Figure 5. Euan Mearns says of the above “S Hemisphere map showing the distribution of areas sampled. These have in general been chosen to avoid large centres of human population and prosperity.

For the current analysis Figure 6 is most relevant.

Figure 6. Euan Mearns’ says of the above “The distribution of operational stations from the group of 174 selected stations.

The temperature data for the earlier period is much sparser than for later period. Even where there is data available in the earlier period the temperature data could be based on a fifth of the number of temperature stations as the later period. This may exaggerate slightly the issue, as the coasts of South America and Eastern Australia are avoided.

An Hypothesis on the Homogenisation Impact

Now consider again the description of homogenisation Venema et al 20125, quoted in the previous post.
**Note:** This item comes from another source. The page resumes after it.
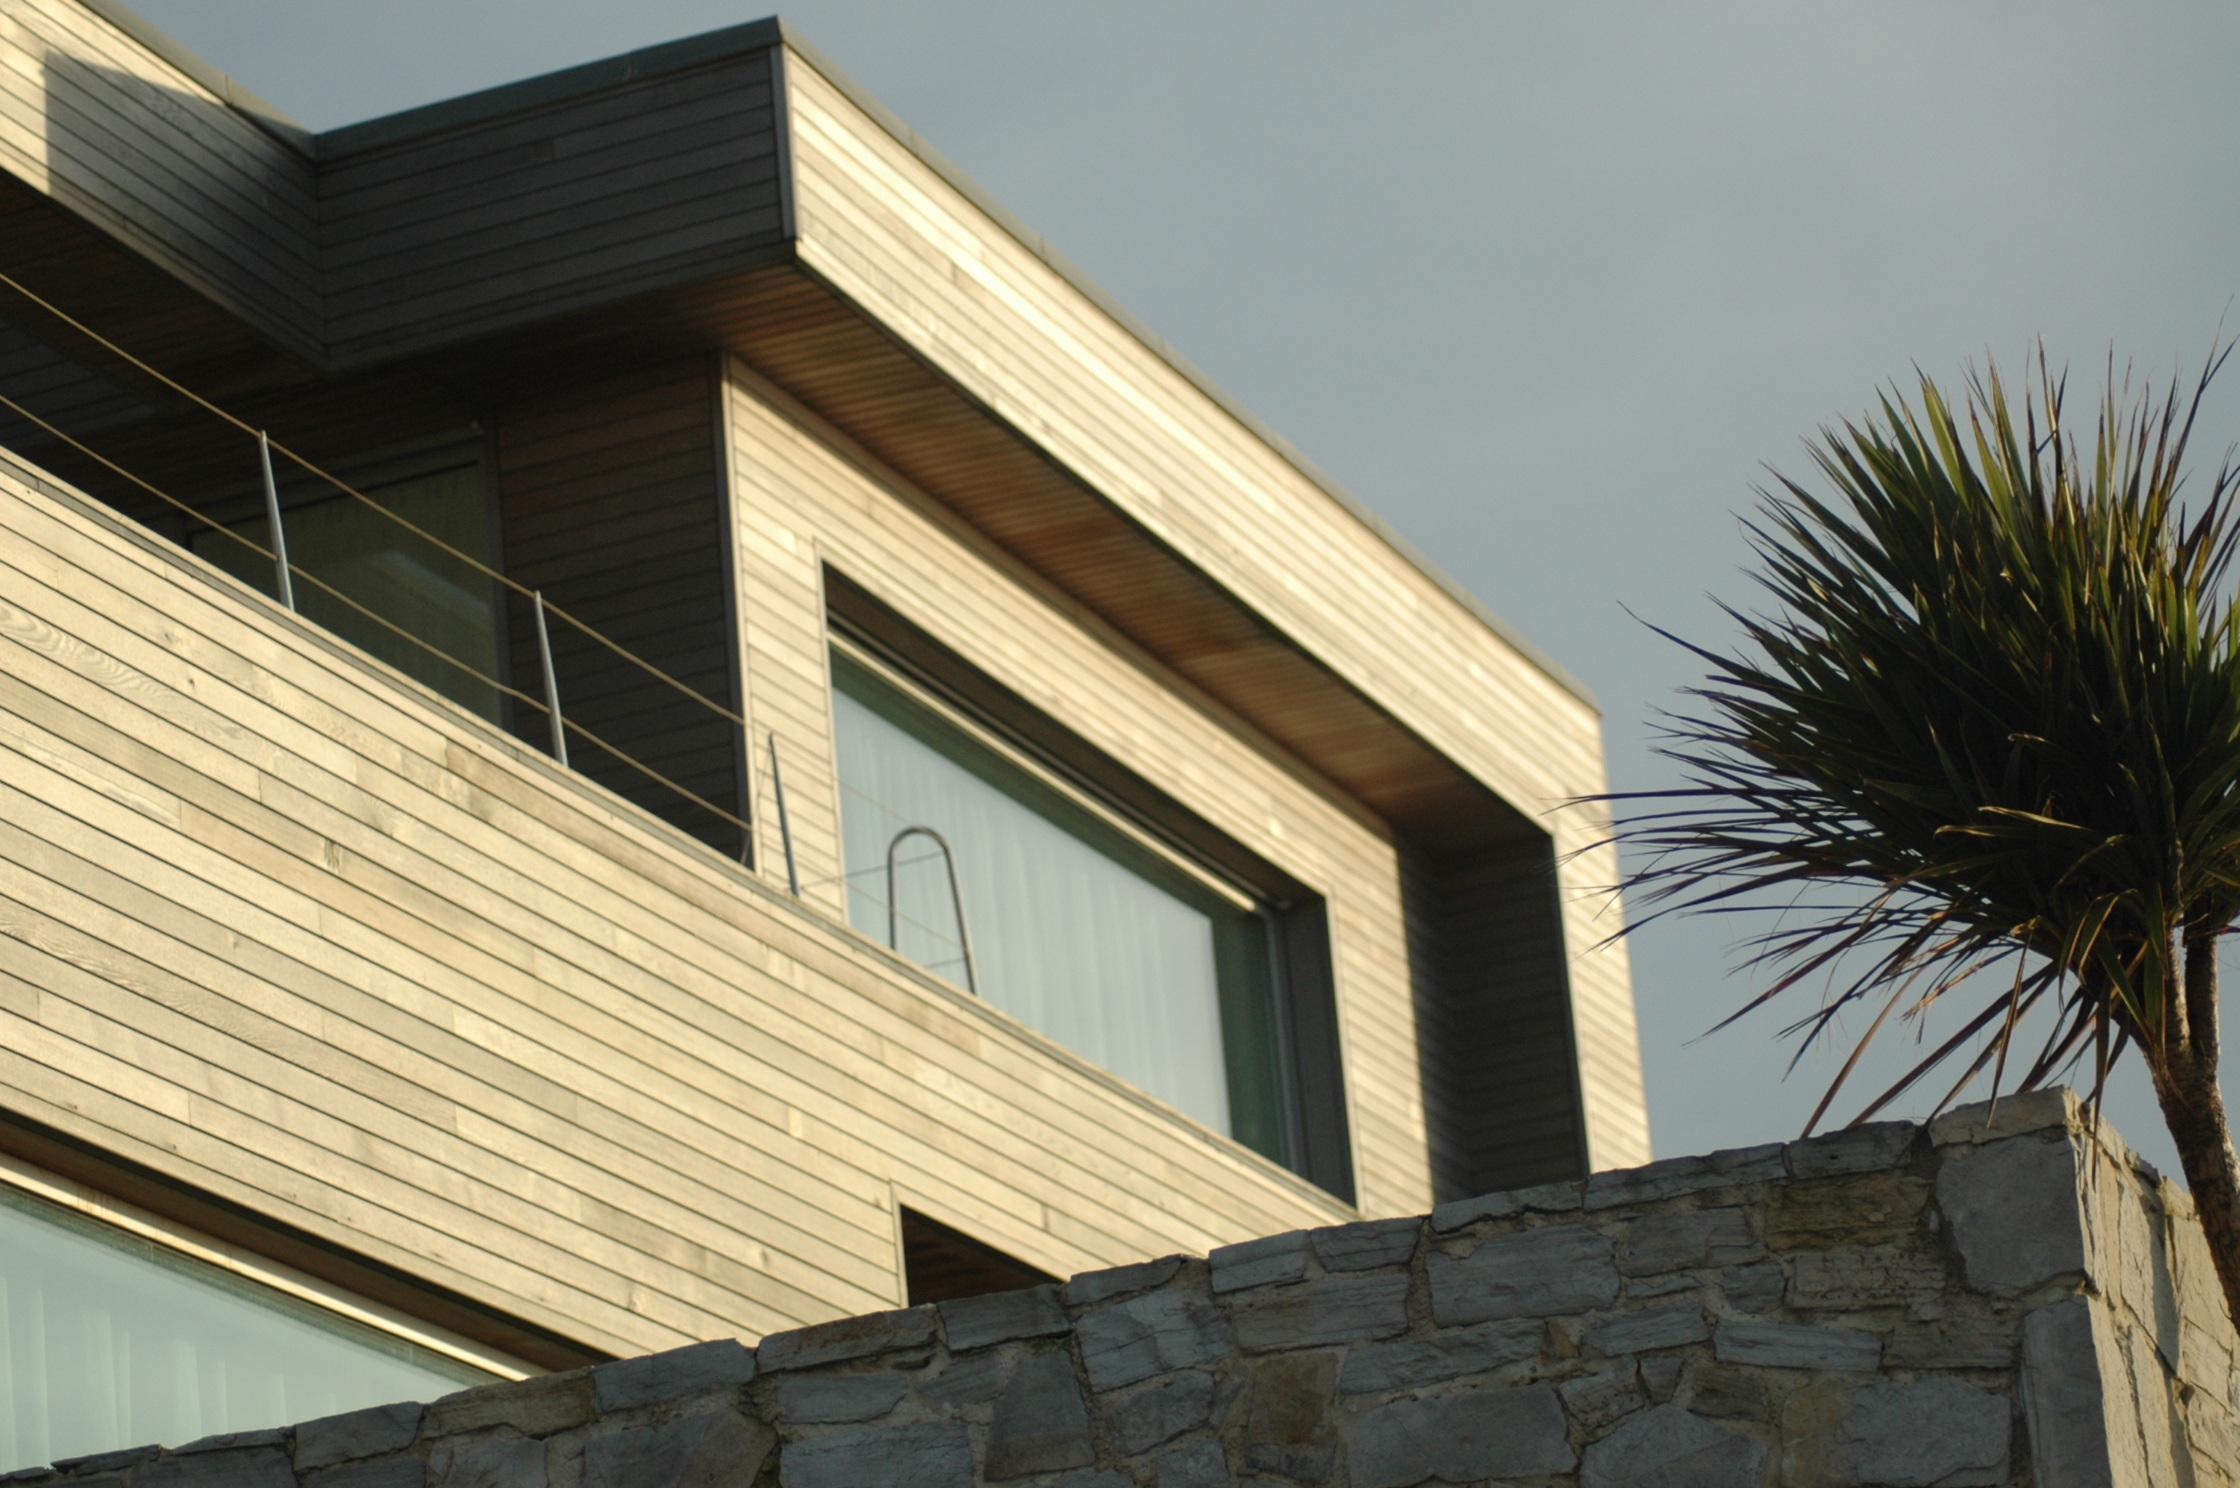 maison bois plage obtenez des id es de design int ressantes en utilisant du bois. Black Bedroom Furniture Sets. Home Design Ideas

The most commonly used method to detect and remove the effects of artificial changes is the relative homogenization approach, which assumes that nearby stations are exposed to almost the same climate signal and that thus the differences between nearby stations can be utilized to detect inhomogeneities. In relative homogeneity testing, a candidate time series is compared to multiple surrounding stations either in a pairwise fashion or to a single composite reference time series computed for multiple nearby stations. (Italics mine)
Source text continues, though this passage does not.